# THursday at Ritz Pasadena



## sekoudog (Oct 20, 2005)

Thursday the 3rd at the Pasadena Ritz on Oak Knoll. We will meet at 7:00pm. In the bars patio lounge.


----------



## sekoudog (Oct 20, 2005)

Already reserved:

Calistogey
Traveldude
Love_this
Thschrminm
Aielo


----------



## zemekone (Aug 1, 2004)

sekoudog said:


> Already reserved:
> 
> Calistogey
> Traveldude
> ...


Im 85%, but count me in


----------



## BP22 (Apr 13, 2006)

sekoudog said:


> Already reserved:
> 
> Calistogey
> Traveldude
> ...


Nice. I'm 50/50 right now.


----------



## RPB67 (Mar 26, 2005)

Smoking at the Ritz !!

What could be better. You guys have fun. Sounds way cool !


----------



## sekoudog (Oct 20, 2005)

Please click one of the Quick Reply icons in the posts above to activate Quick Reply.


----------



## sekoudog (Oct 20, 2005)

And the list grows:

Sekoudog
Calistogey
Traveldude
Love_this
Thschrminm
Aielo
Alex
Zemekone
BP22 (50/50)


----------



## sekoudog (Oct 20, 2005)

I am thinking about adding a snobbery contest. This could be a chance for the so-called conni's to prove their worth or go home a disgraced snob. How--blind tasting partner. Prove you know what you're talking about. Some could be embarrassed in front of the newbs that could show. Others could etch another mark into that stone marking their legendary status in this thing of ours.


----------



## Poriggity (Dec 8, 2005)

If I had thursday off, Id be there...
But I gotta work.
Scott


----------



## BP22 (Apr 13, 2006)

sekoudog said:


> And the list grows:
> 
> Sekoudog
> Calistogey
> ...


Things are looking good. I should be there, gotta give Rene a belated birthday smoke.


----------



## saka (Apr 13, 2006)

sounds like a plan... count me in.


----------



## sekoudog (Oct 20, 2005)

Just added:

Saka


----------



## Aielo (Jan 9, 2006)

It's Rene's birthday? When?


----------



## BP22 (Apr 13, 2006)

Aielo said:


> It's Rene's birthday? When?


Yesterday.


----------



## sekoudog (Oct 20, 2005)

Just three days until before I unleash my fury of fire upon the almighty leaf. Heck, why wait I'll do it now!!!


----------



## traveldude (Oct 27, 2005)

sekoudog said:


> Just three days until before I unleash my fury of fire upon the almighty leaf. Heck, why wait I'll do it now!!!

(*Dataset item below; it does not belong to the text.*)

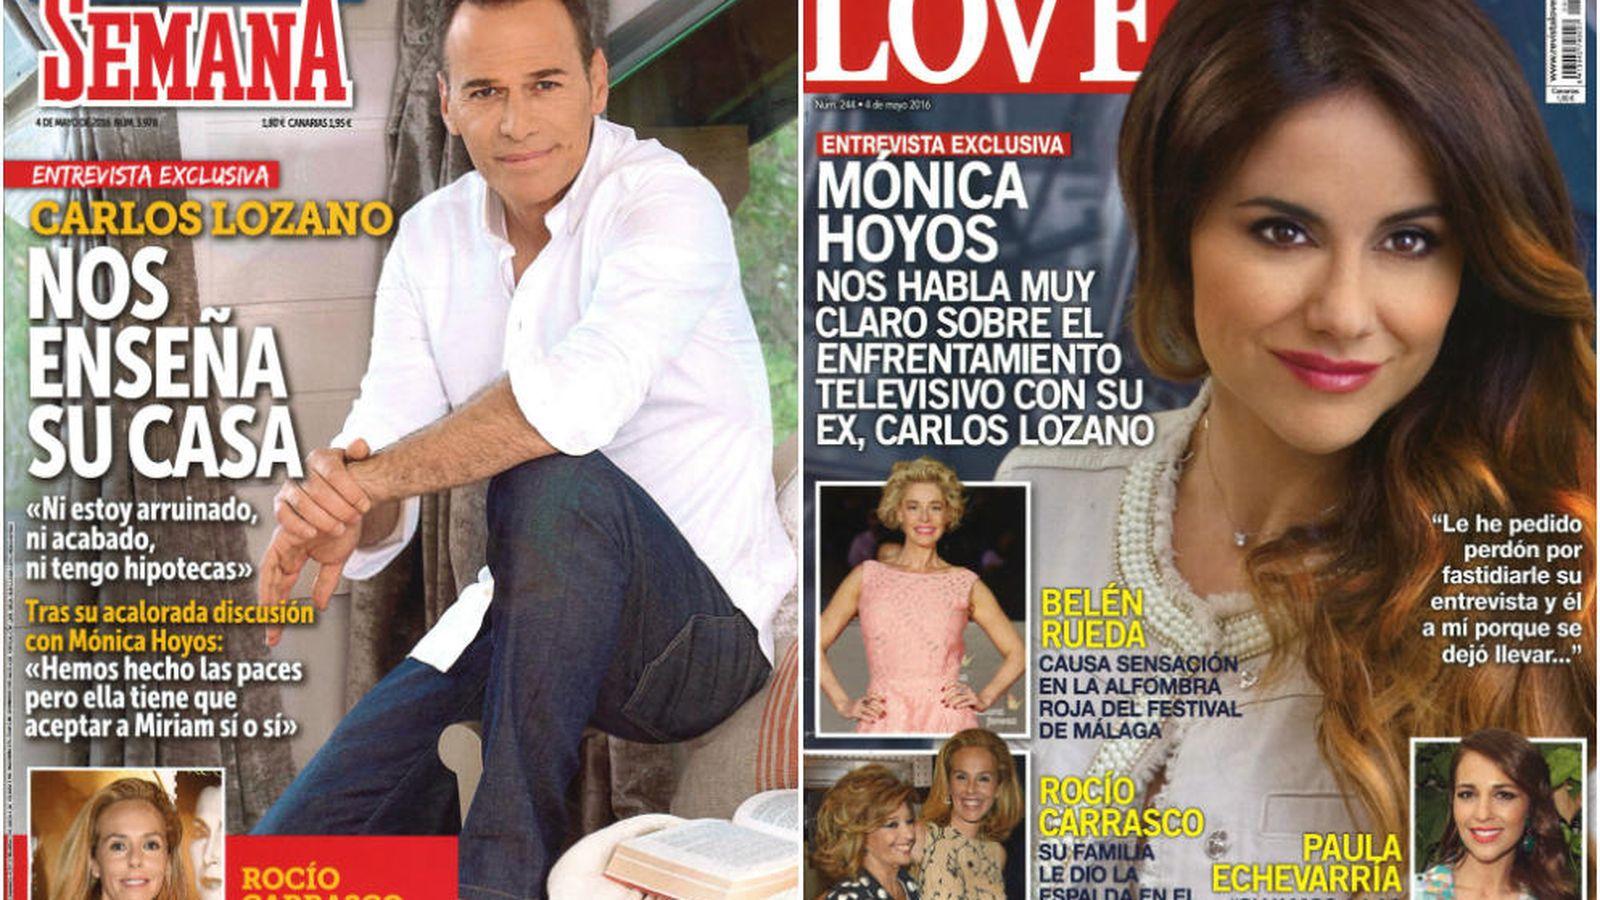 Foto: Portada de 'Semana' y 'Love'

Sounds like somebody has developed a serious addiction just like the rest of us! :dr :r


----------



## RONINDICE (Apr 5, 2006)

Dammit I finally have time again for this hobby and this board and I see this. Sounds awesome! Unfortunately I am working nights this week.  Maybe next time.


----------



## sekoudog (Oct 20, 2005)

We closed the bar. It was a great time for all. I think the next time were going to move over to the Standard in downtown LA. 

Hey, anyone know where I can find that girl--I'd like another head massage if you know what I mean.


----------



## traveldude (Oct 27, 2005)

sekoudog said:


> We closed the bar. It was a great time for all. I think the next time were going to move over to the Standard in downtown LA.
> 
> Hey, anyone know where I can find that girl--I'd like another head massage if you know what I mean.


What a great time at the Ritz. I know you want to re-live that moment when the drunk chick gave you a head massage. If you had let her stay a little long I'm sure she'd massage both you're heads.  lol ... 
We've gota do that again soon.


----------



## calistogey (Jun 14, 2005)

Well that was nice. So when is the next one?


----------